#### [MATERIAL FOR THIS TASK]
========================================================================

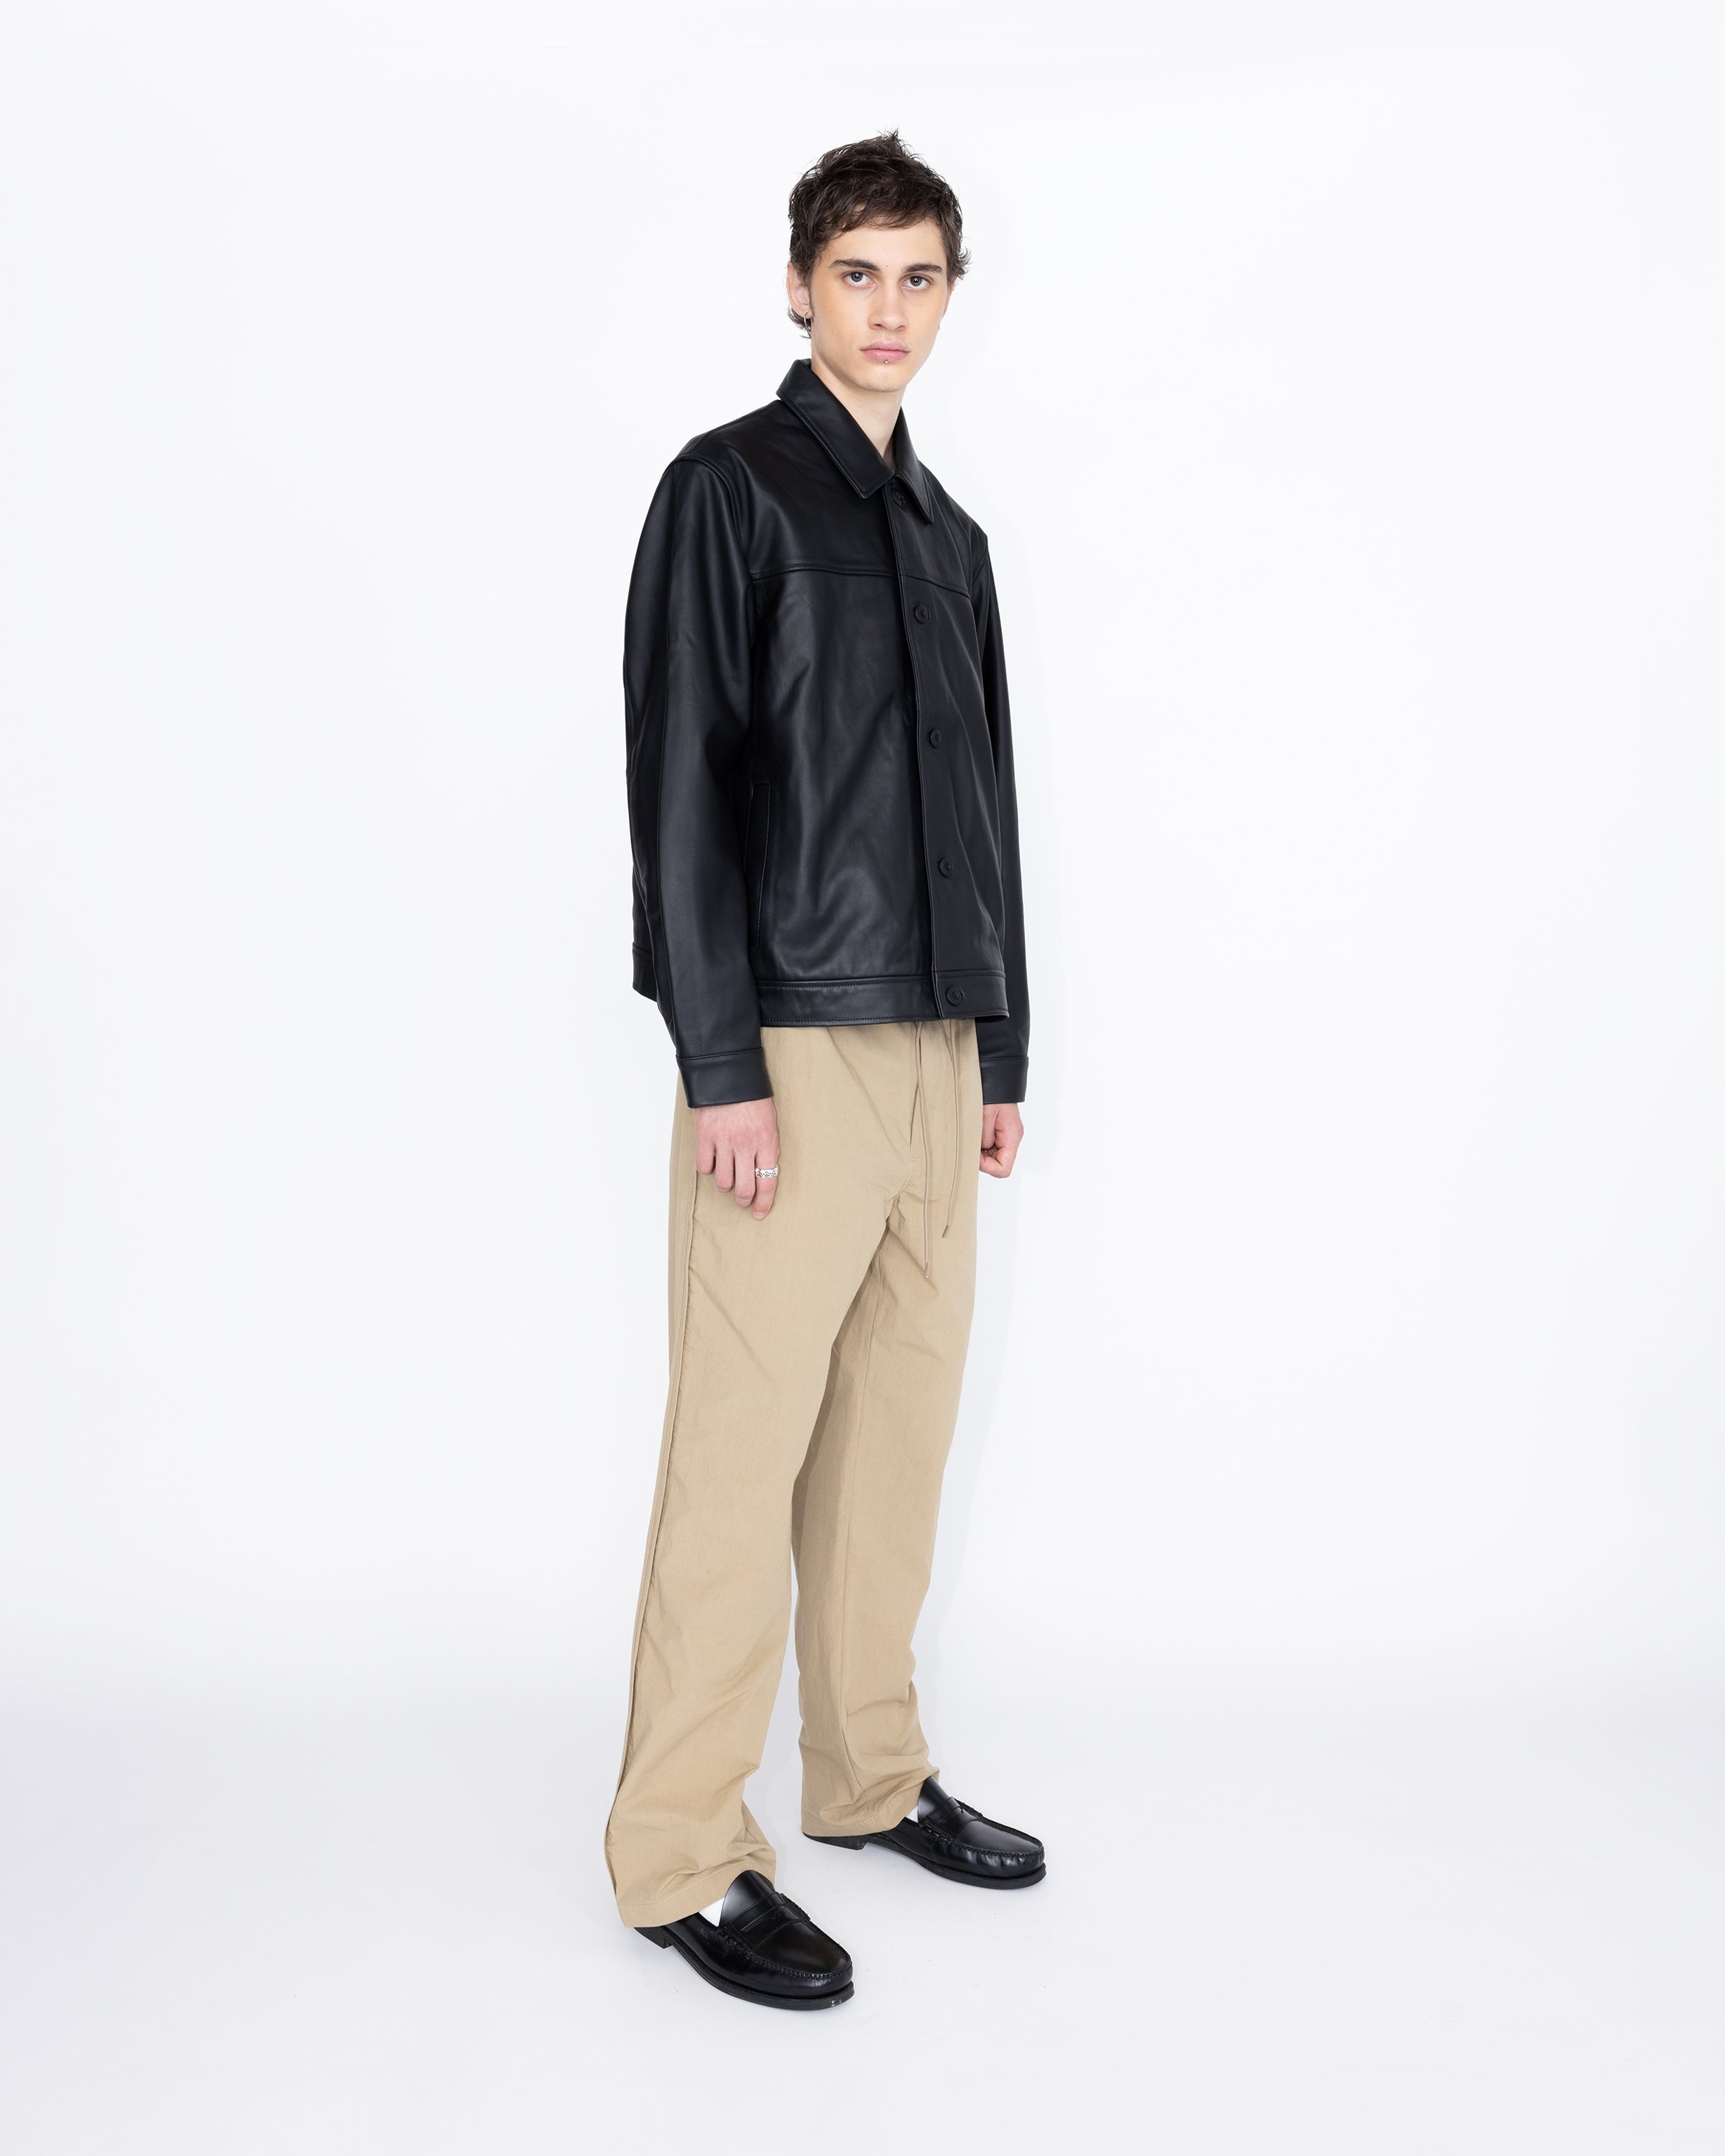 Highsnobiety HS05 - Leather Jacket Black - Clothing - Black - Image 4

========================================================================

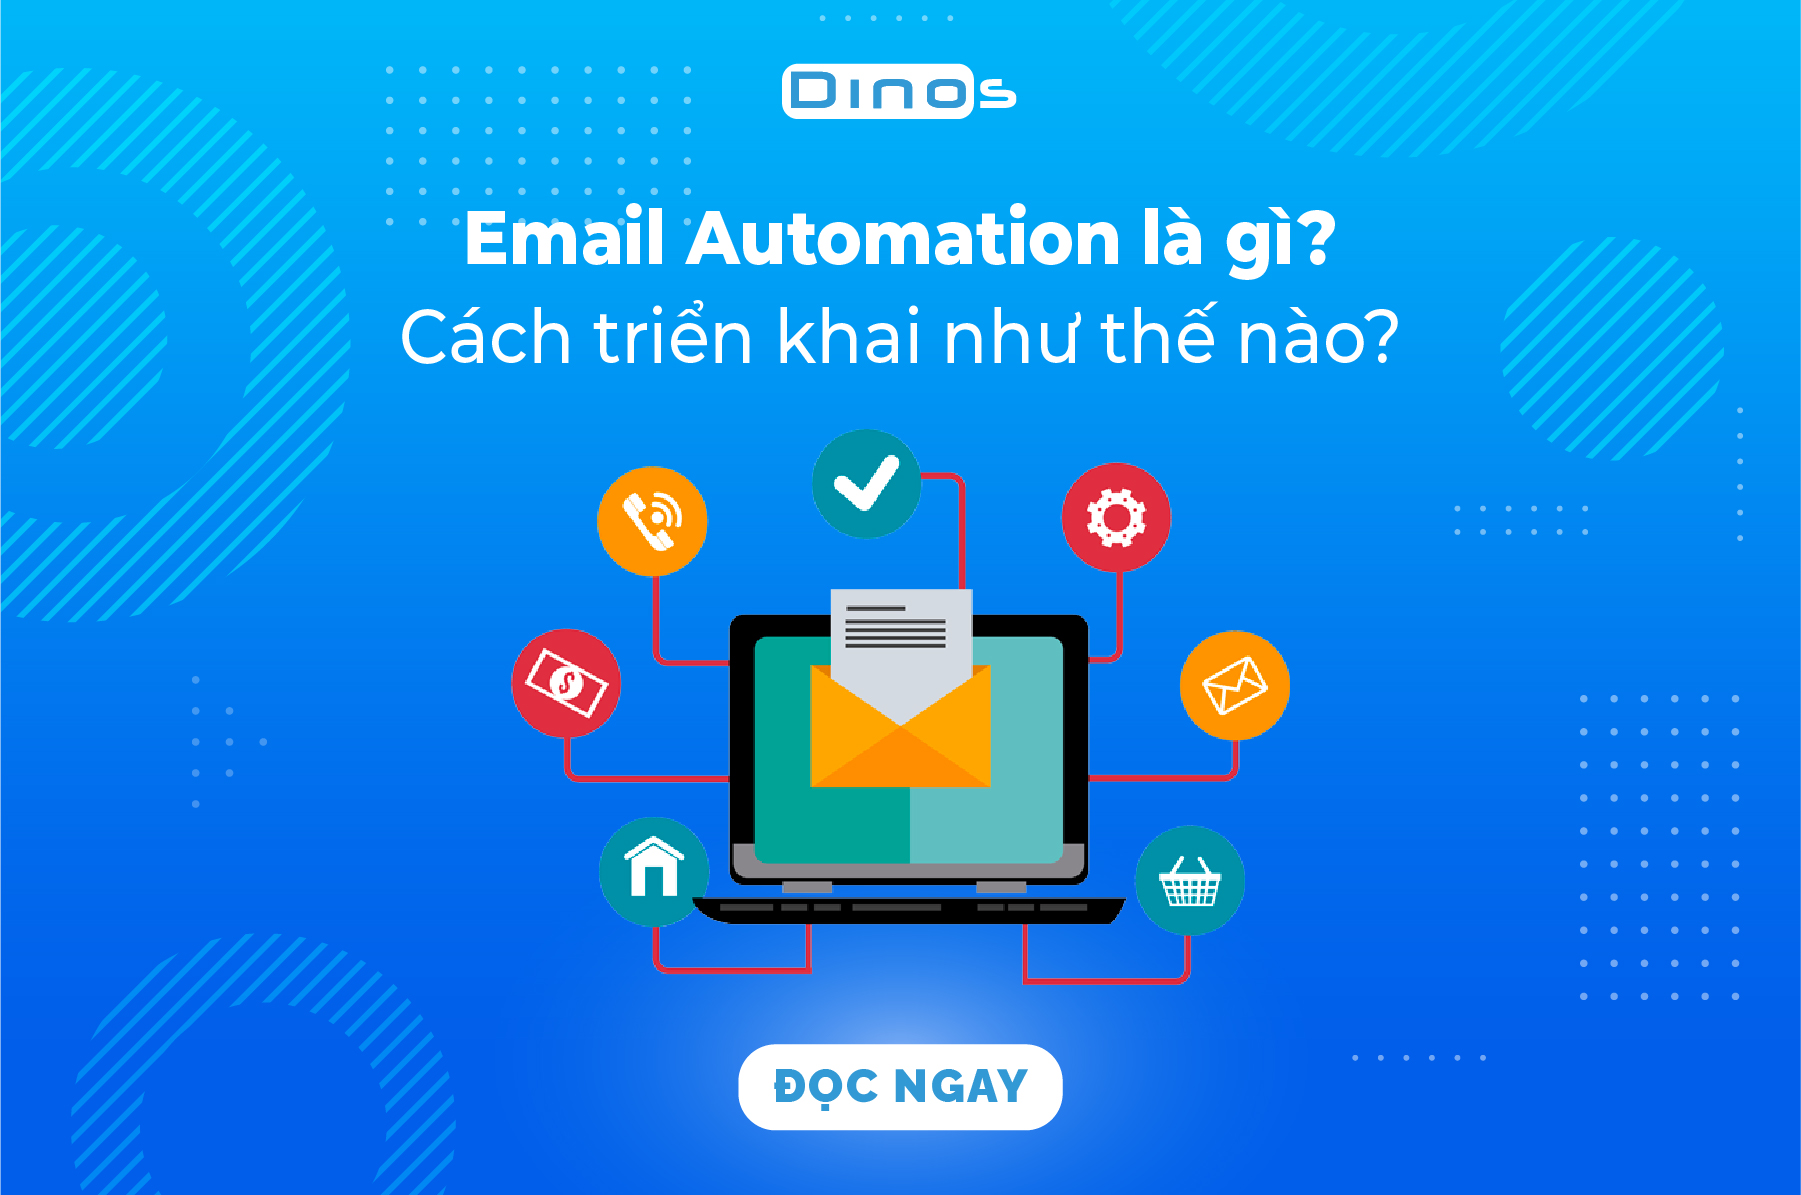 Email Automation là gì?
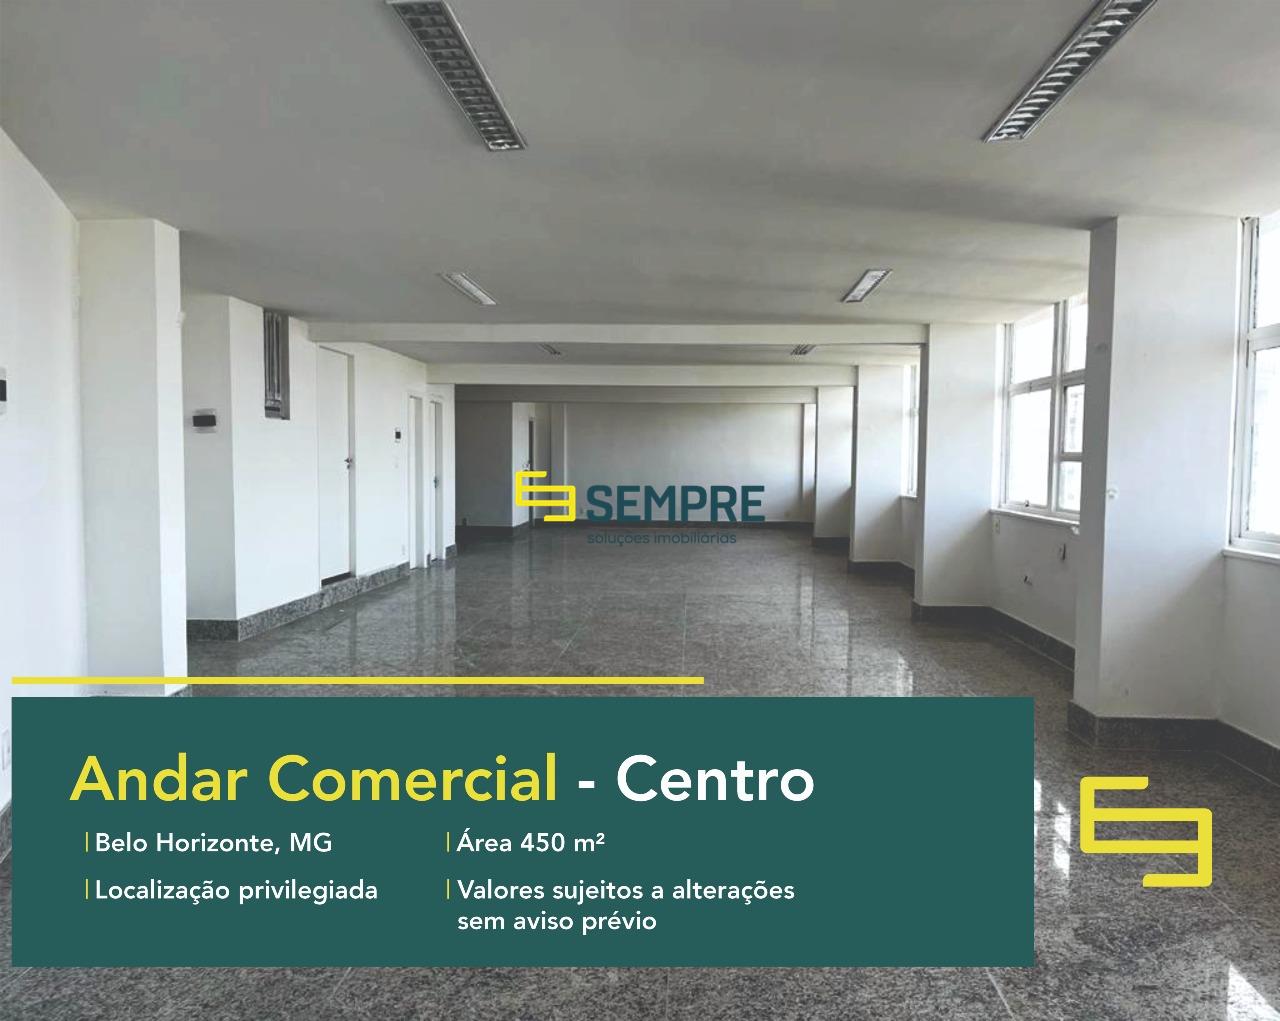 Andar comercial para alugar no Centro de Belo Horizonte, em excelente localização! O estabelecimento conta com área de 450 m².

========================================================================

#### [TASK REQUIREMENTS]
Copy word for word the span of the records above that begins at the line with "Email Automation là gì?" and ends at the line with "Andar comercial para", including those two lines but not the pictures.

#### [FINISHED EXERCISE]
 Email Automation là gì?
 Andar comercial para alugar no Centro de Belo Horizonte, em excelente localização! O estabelecimento conta com área de 450 m².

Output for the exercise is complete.